ASEAN Inflation Surges as Fuel Shock Hits Hard

Rising inflation across Southeast Asia is beginning to reveal the deeper economic fallout from the ongoing Iran war, with March data showing that countries like Vietnam and the Philippines are among the hardest hit. At the heart of the surge is a sharp increase in global fuel prices, which has rapidly filtered through transport, production, and consumer goods—raising concerns that a broader and more persistent wave of inflation is still ahead.

The Philippines offers one of the clearest examples of how quickly the shock is spreading. Inflation jumped to 4.1% in March, its highest level in nearly two years, driven largely by a steep rise in transport costs linked to soaring diesel and petrol prices. Diesel prices alone surged dramatically, pushing transport inflation close to 10% and placing immediate pressure on households and small businesses that rely heavily on fuel. The country’s dependence on imported energy has made it especially vulnerable, with disruptions in the Strait of Hormuz sending oil costs sharply higher.

Across ASEAN, the pattern is similar. The region imports a significant share of its energy needs, meaning any geopolitical disruption quickly feeds into domestic inflation. Economists note that Asia purchases around 80% of the oil transported through the Hormuz corridor, making it particularly exposed to supply shocks. As oil prices climb, manufacturers and logistics operators are forced to pass on higher costs, leading to rising prices for everyday goods.

Vietnam, while not as heavily documented in the latest data releases, is facing parallel pressures. Higher fuel import costs are feeding into production and transportation expenses, weakening manufacturing output and slowing demand. Regional factory activity has already begun to soften, with ASEAN’s manufacturing index slipping as firms grapple with rising input costs and supply chain disruptions linked to the conflict.

What worries analysts most is that the current spike may only represent the first phase of inflation. So far, the impact has been concentrated in energy and transport, but economists warn of a “second wave” driven by food prices. Fertiliser costs—closely tied to energy markets—are rising, while higher transport expenses are increasing the cost of moving agricultural goods. In countries where food makes up a large share of household spending, this could significantly amplify inflationary pressure in the coming months.

Central banks are already reacting.

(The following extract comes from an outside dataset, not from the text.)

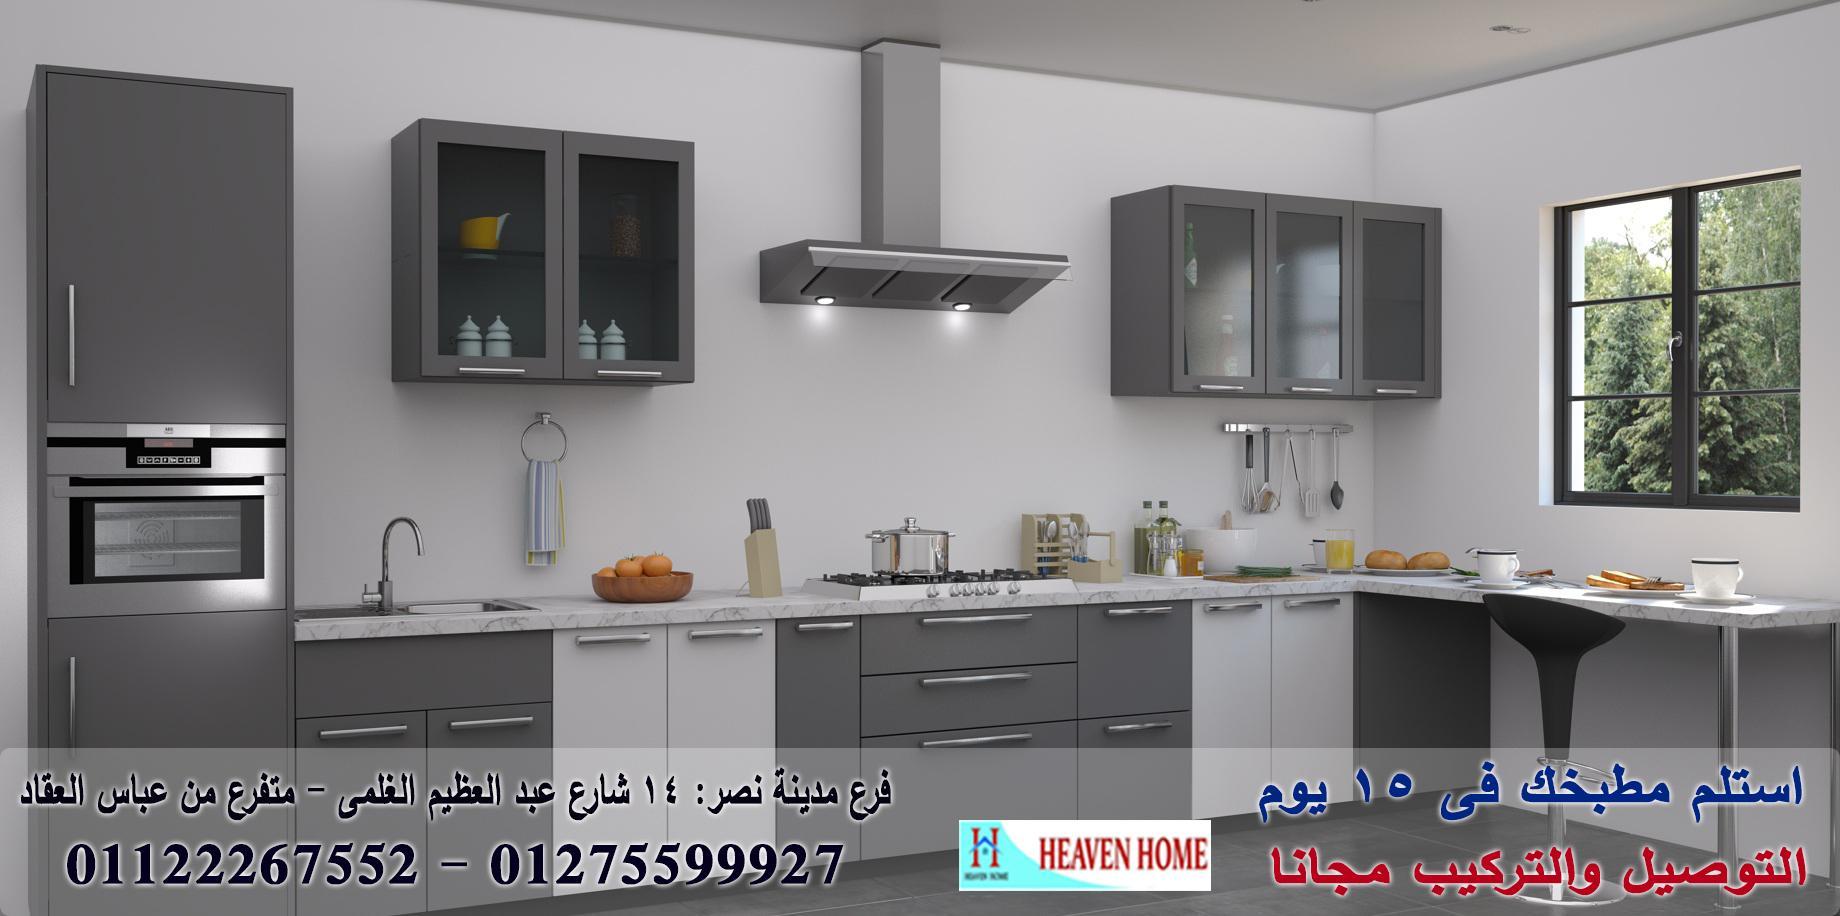 مطابخ اكريليك * استلم مطبخك فى 15 يوم  01122267552 355840180

In the Philippines, policymakers have moved to tighten monetary policy, signalling concern that inflation could breach target ranges for an extended period. Similar caution is emerging across the region, as governments weigh the trade-off between controlling inflation and sustaining economic growth.

The broader implication is that ASEAN economies are entering a period of heightened vulnerability. The Iran conflict has not only triggered an energy shock but also exposed structural weaknesses in energy dependence and supply chain resilience. If fuel prices remain elevated, inflation could become more entrenched, eroding purchasing power and slowing recovery across the region.

For now, March’s data serves as an early warning. The initial surge in fuel costs has already hit transport and industry. The next phase—spreading into food and core consumer prices—may prove even more challenging for policymakers and households alike.